I love avocados to the depth and breadth and height my soul can reach. Their beguiling curve, their creaminess, and their enigmatic flavour make avos the most desirable of all fruit. To borrow from Elizabeth Barret Browning’s famous sonnet: dear avo, how do I love thee? Let me count the ways.
I can never merely buy a perfectly ripe avo. Oh no, you make me wait, bargain and beg. I hate that your ‘ripe and ready’ packaging deceives me so often, but somehow it makes the wait more satisfying in the end. I’ve learned that it’s best to grab you when you’re hard and unforgiving, and keep you in a brown bag in the cupboard (where I sometimes encourage you to make friends with a more mature banana). Here, I will lovingly visit you every day, stroke you and coax you into tenderness. Sometimes, despite this lavish attention, you will reject me, turning rubbery and resistant, or sour, fibrous and mouldy, but I will never give up on loving you.
You have a high fat content, and I love this about you, not only because I require a substantial level of deliciousness in my food, but because all your monounsaturated fats are the healthy, ‘good’ kind.
I love that you are self-assured in your big-bottomed body, and that you can form a bowl for other sexy toppings. Yes, the retro avo ritz still appeals to my nostalgia, and this is a nicely updated version.
In India, Vietnam and Brazil you are often added to milkshakes and creamy desserts, but in Mexico and Southern America you are eaten in everything savoury from guacamole and tacos to warm Mexican red bean birria. You also play particularly nicely with starch. Whether it’s sushi or risotto rice, corn chips, flatbreads, wheat wraps or couscous, you are a loyal comrade to the carb, and for that I am grateful.
I know that excellent sushi is all about the freshness and cut of the fish, the tanginess of the rice, and the unmistakeable umami of nori, but I still love a slice of buttery avo to bring it all together. Especially in prawn tempura California rolls from 1890 House. (I’m glad we’re in an open relationship, avo, and that I can share this joy with you.)
All avo devotees must celebrate the holy trinity of bacon, avo and feta on a pizza. But, dear avo, please only settle onto the lovely thin crust once it has been baked in a wood-fired oven and cooled slightly, and not a minute before. No-one wants to see you hot and mushy.

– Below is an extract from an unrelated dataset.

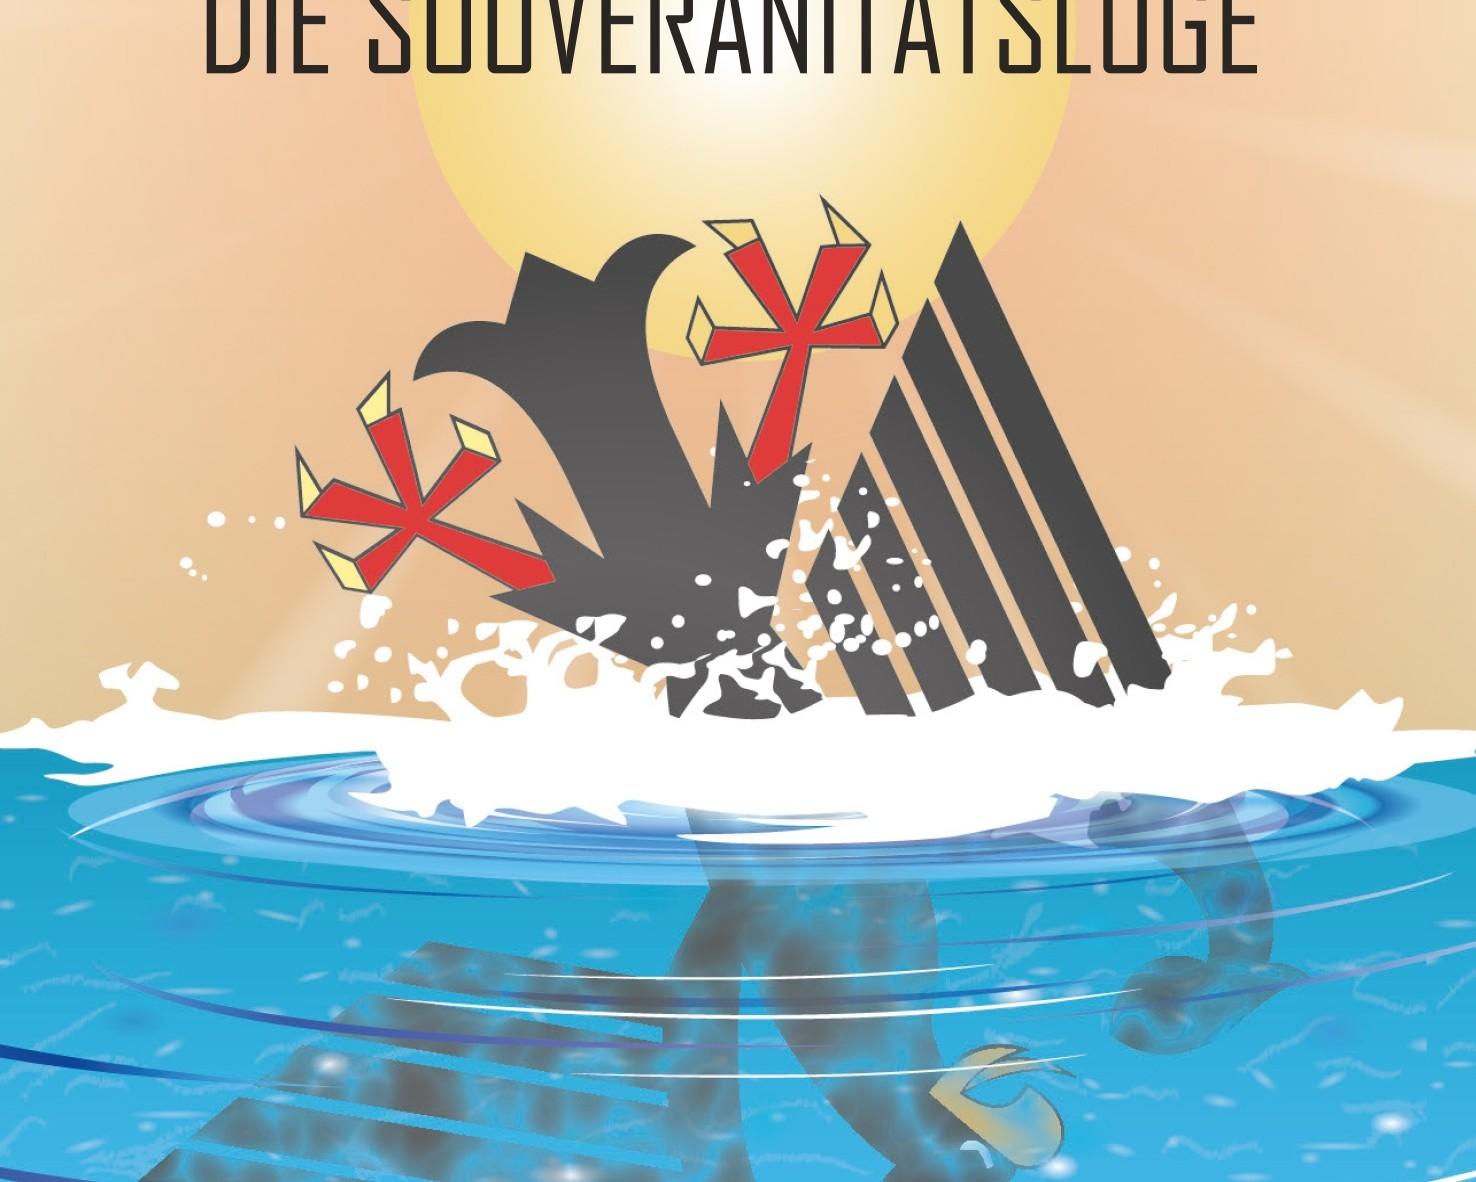 cover-souveraenitaetsluege.jpg

Mixed with one of your bosom buddies, lime, you can be rolled up in little spring roll sheets and deep fried. This recipe for avocado fries also incorporates panko flakes, one of Japan’s great gifts to the foodie world, for golden crunch. What’s not to love?
Yes, it’s true. Your combination with two of my other favourite things, cheese and biscuits, attains new culinary heights in this recipe for avo tart. Thank you for agreeing to this for my sake.
Not that I advocate omitting butter as a general rule – you know the real me, dear avo – but your presence makes it possible for vegans to enjoy baked goods. (Though some cooks recommend substituting avo for only half the butter to retain the desired moisture of the recipe.)
There’s something about your creamy texture that’s sensational on a meaty burger, with your good pals tomato and onion. I worship you for that.
Dear avo, soon your season will be over, but until we meet again next year, I’ll be right here waiting for you.